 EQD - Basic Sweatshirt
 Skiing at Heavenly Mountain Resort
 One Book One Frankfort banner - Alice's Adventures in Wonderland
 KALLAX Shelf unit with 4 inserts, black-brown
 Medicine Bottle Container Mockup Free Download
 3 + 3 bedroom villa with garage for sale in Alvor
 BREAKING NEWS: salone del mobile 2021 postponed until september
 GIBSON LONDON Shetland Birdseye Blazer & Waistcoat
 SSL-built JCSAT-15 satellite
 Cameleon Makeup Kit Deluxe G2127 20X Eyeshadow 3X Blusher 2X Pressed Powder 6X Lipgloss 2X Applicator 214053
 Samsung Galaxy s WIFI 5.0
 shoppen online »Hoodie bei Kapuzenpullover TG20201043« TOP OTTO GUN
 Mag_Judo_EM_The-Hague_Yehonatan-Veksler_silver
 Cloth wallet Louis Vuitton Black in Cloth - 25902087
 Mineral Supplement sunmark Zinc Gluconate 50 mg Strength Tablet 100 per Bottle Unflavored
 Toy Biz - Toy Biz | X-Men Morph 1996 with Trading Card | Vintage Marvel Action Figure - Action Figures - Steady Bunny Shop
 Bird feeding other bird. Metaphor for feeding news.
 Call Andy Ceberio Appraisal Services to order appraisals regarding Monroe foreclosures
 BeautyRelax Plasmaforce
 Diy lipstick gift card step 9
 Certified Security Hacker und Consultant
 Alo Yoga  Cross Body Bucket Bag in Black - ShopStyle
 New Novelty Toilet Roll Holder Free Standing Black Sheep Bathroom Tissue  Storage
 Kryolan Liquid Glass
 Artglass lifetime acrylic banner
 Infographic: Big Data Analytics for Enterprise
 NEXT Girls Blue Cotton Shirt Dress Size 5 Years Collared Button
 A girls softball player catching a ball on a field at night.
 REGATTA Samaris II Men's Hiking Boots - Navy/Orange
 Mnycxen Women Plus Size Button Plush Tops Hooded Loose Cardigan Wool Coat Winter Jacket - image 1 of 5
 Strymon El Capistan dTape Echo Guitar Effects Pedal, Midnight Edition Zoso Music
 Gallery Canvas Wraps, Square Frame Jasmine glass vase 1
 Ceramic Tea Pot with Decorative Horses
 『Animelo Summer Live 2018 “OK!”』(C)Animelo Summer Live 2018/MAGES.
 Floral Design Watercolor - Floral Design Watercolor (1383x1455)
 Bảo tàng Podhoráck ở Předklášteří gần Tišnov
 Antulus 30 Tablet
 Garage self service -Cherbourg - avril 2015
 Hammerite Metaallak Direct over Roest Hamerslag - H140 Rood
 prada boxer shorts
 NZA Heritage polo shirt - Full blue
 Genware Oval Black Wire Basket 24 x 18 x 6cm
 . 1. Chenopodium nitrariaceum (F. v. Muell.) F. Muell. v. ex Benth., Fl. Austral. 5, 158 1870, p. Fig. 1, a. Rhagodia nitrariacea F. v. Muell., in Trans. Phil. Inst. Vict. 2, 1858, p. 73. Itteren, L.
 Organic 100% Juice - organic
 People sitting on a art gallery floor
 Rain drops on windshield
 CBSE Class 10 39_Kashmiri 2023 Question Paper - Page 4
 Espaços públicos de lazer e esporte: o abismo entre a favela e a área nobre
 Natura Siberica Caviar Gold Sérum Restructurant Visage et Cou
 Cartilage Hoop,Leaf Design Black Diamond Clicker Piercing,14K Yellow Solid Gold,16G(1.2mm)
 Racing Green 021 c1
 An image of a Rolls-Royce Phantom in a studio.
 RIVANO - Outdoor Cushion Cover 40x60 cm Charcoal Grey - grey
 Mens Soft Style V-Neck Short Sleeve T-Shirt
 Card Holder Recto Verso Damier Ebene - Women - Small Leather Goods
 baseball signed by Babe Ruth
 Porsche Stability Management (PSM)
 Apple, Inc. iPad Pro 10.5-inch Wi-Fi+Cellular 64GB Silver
- - -
Retype the entries exactly; leave nothing out.

- SOLUTION FOR THIS TASK -
 EQD - Basic Sweatshirt
 Skiing at Heavenly Mountain Resort
 One Book One Frankfort banner - Alice's Adventures in Wonderland
 KALLAX Shelf unit with 4 inserts, black-brown
 Medicine Bottle Container Mockup Free Download
 3 + 3 bedroom villa with garage for sale in Alvor
 BREAKING NEWS: salone del mobile 2021 postponed until september
 GIBSON LONDON Shetland Birdseye Blazer & Waistcoat
 SSL-built JCSAT-15 satellite
 Cameleon Makeup Kit Deluxe G2127 20X Eyeshadow 3X Blusher 2X Pressed Powder 6X Lipgloss 2X Applicator 214053
 Samsung Galaxy s WIFI 5.0
 shoppen online »Hoodie bei Kapuzenpullover TG20201043« TOP OTTO GUN
 Mag_Judo_EM_The-Hague_Yehonatan-Veksler_silver
 Cloth wallet Louis Vuitton Black in Cloth - 25902087
 Mineral Supplement sunmark Zinc Gluconate 50 mg Strength Tablet 100 per Bottle Unflavored
 Toy Biz - Toy Biz | X-Men Morph 1996 with Trading Card | Vintage Marvel Action Figure - Action Figures - Steady Bunny Shop
 Bird feeding other bird. Metaphor for feeding news.
 Call Andy Ceberio Appraisal Services to order appraisals regarding Monroe foreclosures
 BeautyRelax Plasmaforce
 Diy lipstick gift card step 9
 Certified Security Hacker und Consultant
 Alo Yoga  Cross Body Bucket Bag in Black - ShopStyle
 New Novelty Toilet Roll Holder Free Standing Black Sheep Bathroom Tissue  Storage
 Kryolan Liquid Glass
 Artglass lifetime acrylic banner
 Infographic: Big Data Analytics for Enterprise
 NEXT Girls Blue Cotton Shirt Dress Size 5 Years Collared Button
 A girls softball player catching a ball on a field at night.
 REGATTA Samaris II Men's Hiking Boots - Navy/Orange
 Mnycxen Women Plus Size Button Plush Tops Hooded Loose Cardigan Wool Coat Winter Jacket - image 1 of 5
 Strymon El Capistan dTape Echo Guitar Effects Pedal, Midnight Edition Zoso Music
 Gallery Canvas Wraps, Square Frame Jasmine glass vase 1
 Ceramic Tea Pot with Decorative Horses
 『Animelo Summer Live 2018 “OK!”』(C)Animelo Summer Live 2018/MAGES.
 Floral Design Watercolor - Floral Design Watercolor (1383x1455)
 Bảo tàng Podhoráck ở Předklášteří gần Tišnov
 Antulus 30 Tablet
 Garage self service -Cherbourg - avril 2015
 Hammerite Metaallak Direct over Roest Hamerslag - H140 Rood
 prada boxer shorts
 NZA Heritage polo shirt - Full blue
 Genware Oval Black Wire Basket 24 x 18 x 6cm
 . 1. Chenopodium nitrariaceum (F. v. Muell.) F. Muell. v. ex Benth., Fl. Austral. 5, 158 1870, p. Fig. 1, a. Rhagodia nitrariacea F. v. Muell., in Trans. Phil. Inst. Vict. 2, 1858, p. 73. Itteren, L.
 Organic 100% Juice - organic
 People sitting on a art gallery floor
 Rain drops on windshield
 CBSE Class 10 39_Kashmiri 2023 Question Paper - Page 4
 Espaços públicos de lazer e esporte: o abismo entre a favela e a área nobre
 Natura Siberica Caviar Gold Sérum Restructurant Visage et Cou
 Cartilage Hoop,Leaf Design Black Diamond Clicker Piercing,14K Yellow Solid Gold,16G(1.2mm)
 Racing Green 021 c1
 An image of a Rolls-Royce Phantom in a studio.
 RIVANO - Outdoor Cushion Cover 40x60 cm Charcoal Grey - grey
 Mens Soft Style V-Neck Short Sleeve T-Shirt
 Card Holder Recto Verso Damier Ebene - Women - Small Leather Goods
 baseball signed by Babe Ruth
 Porsche Stability Management (PSM)
 Apple, Inc. iPad Pro 10.5-inch Wi-Fi+Cellular 64GB Silver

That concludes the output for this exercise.